Generated, Parallel, Scalable? A Study of Agentic AI-Generated Julia Code on Supercomputers

Authors: Linus Bantel, Anna-Lena Roth, Jonas Posner, Dirk Pfluger

Abstract: Julia is increasingly used in High-Performance Computing (HPC) as a single-language alternative to combining high-level scripting with low-level systems languages, but achieving scalable performance still requires expertise in parallel programming. Large Language Models (LLM) are increasingly used for code generation and are advancing rapidly with each new version. Yet, existing studies focus on single-shot prompting rather than agentic settings, in which an LLM autonomously plans, generates, and refines code through tool use.
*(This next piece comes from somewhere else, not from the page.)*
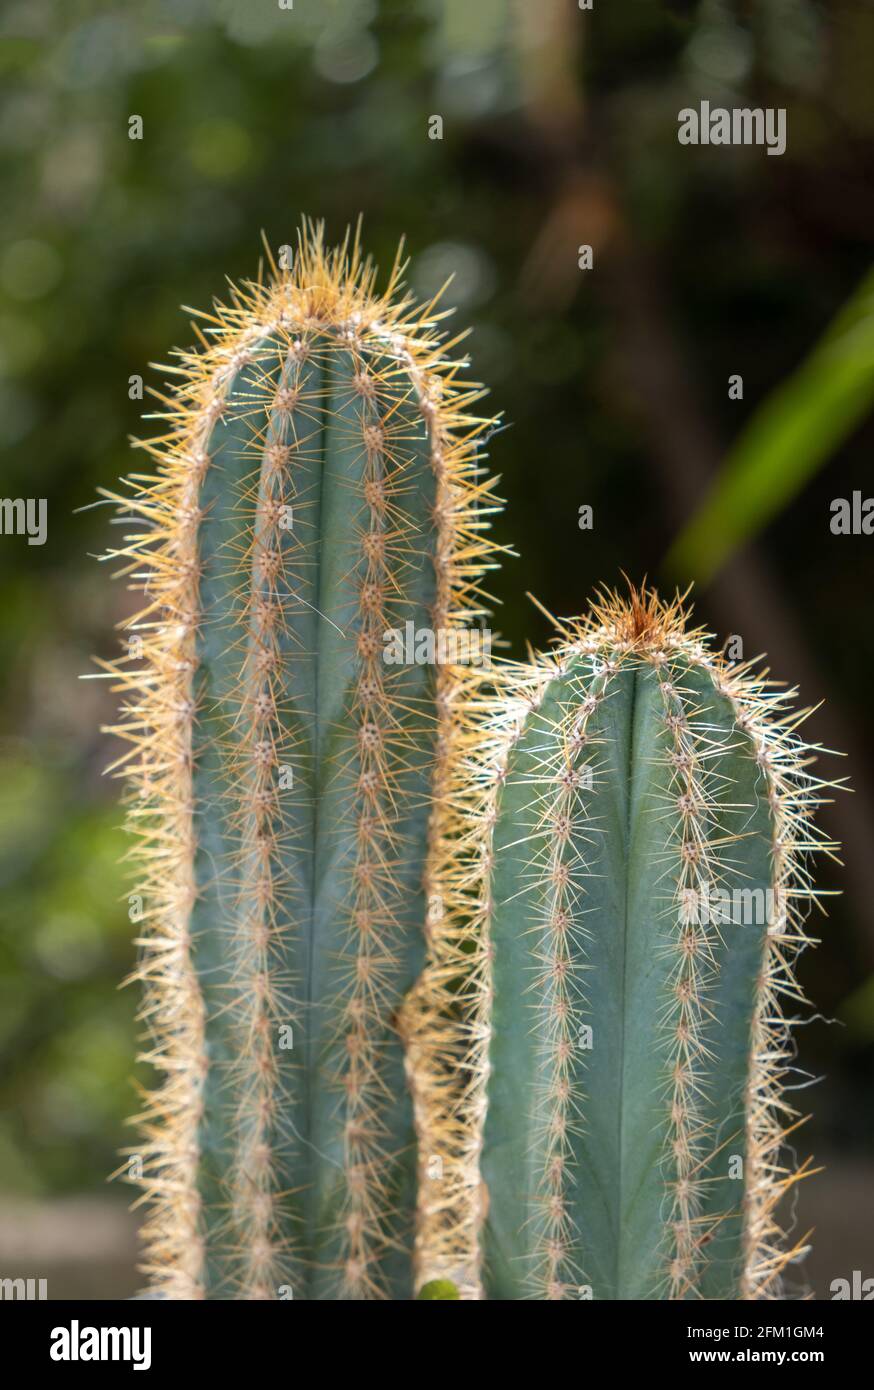 San Pedro Kaktus, trichocereus, echinopsis pachanoi mit Stacheln Hintergrund. Tropische wilde scharfe Dornen Pflanzen, Kakteen, enthalten Meskalin, Halluzinogeni Stockfoto
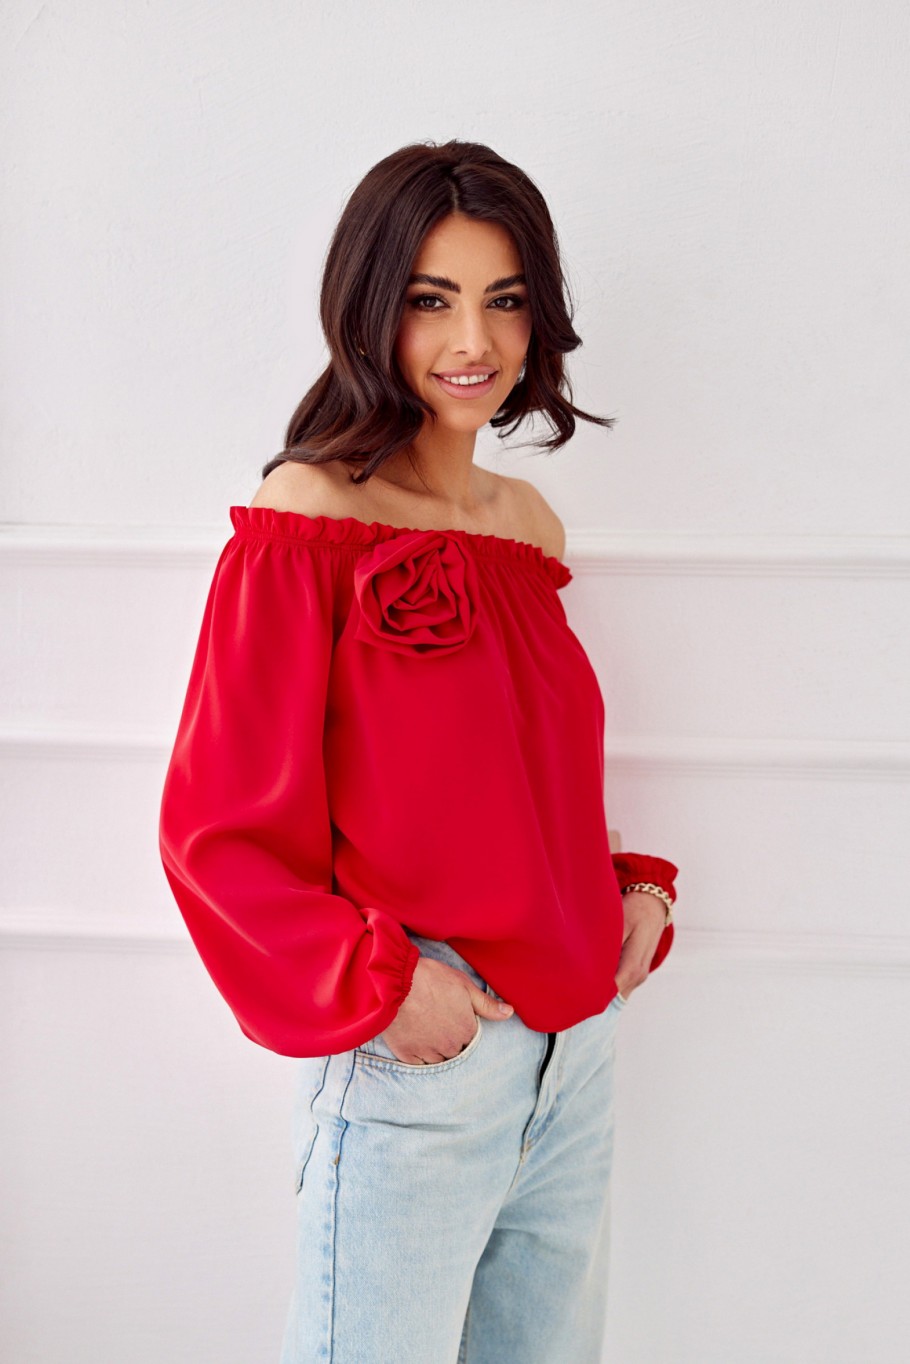 Rosie - Schulternahe Bluse mit langen Ärmeln und einer Rose CZE

Using an OpenCode-based agent extended with a Julia-documentation Model Context Protocol (MCP) server, we study agentic generation of parallel Julia code, focusing on task-based execution with Dagger.jl. We evaluate three LLMs, OpenAI GPT-5.5, Anthropic Claude Opus 4.7, and the open-weight Qwen3-Coder-Next, on three problems with distinct parallel structures: PI approximation, tiled general matrix multiplication, and tiled Cholesky decomposition. The generated Dagger.jl implementations are compared against agent-generated Base.Threads and MPI.jl baselines, with shared-memory experiments scaling to 192 cores and distributed-memory experiments on two nodes. The agents reliably produce executable code for small inputs but fail at larger scales due to deadlocks, oversubscription, or out-of-memory errors, with the open-weight model affected most severely. The two commercial models scale comparably on Base.Threads and MPI.jl, while their Dagger.jl implementations expose recurring weaknesses in task dependencies, granularity, and scheduling. Agentic AI is promising for producing parallel Julia code, but generating robust, performance-aware implementations for large-scale HPC systems remains an open challenge.

(Un)Prompted Futures - Unifying LLM Inference and Agent Orchestration with Tasks and Dynamic Data Dependencies

Authors: Rudiger Nather

Abstract: Agentic AI workflows, systems where multiple AI agents collaborate, invoke external tools, and make decisions through sequences of language model calls, exhibit structural properties familiar to the High-Performance Computing community: parallelism, data dependencies, dynamic task spawning, and heterogeneous resources. Yet current frameworks employ ad-hoc coordination mechanisms, such as shared mutable state, callbacks, or polling, without leveraging established Asynchronous Many-Task primitives. Compounding this, the field has evolved a layered architecture that separates inference engines from agent orchestration frameworks. This separation structurally limits both the design space, and prevents optimizations that require transparency between inference internals and orchestration layer. We propose a unified future-based task graph model that dissolves this layering. In our model, both high-level workflows and low-level inference operations are expressed as composable graph patterns with explicit data dependencies. Futures serve as immutable, typed data carriers that track dependencies automatically, enabling arbitrary combinations of prompting techniques and orchestration patterns. We describe the model, show example task graph constructions for common patterns, and discuss optimization opportunities enabled by this unified approach.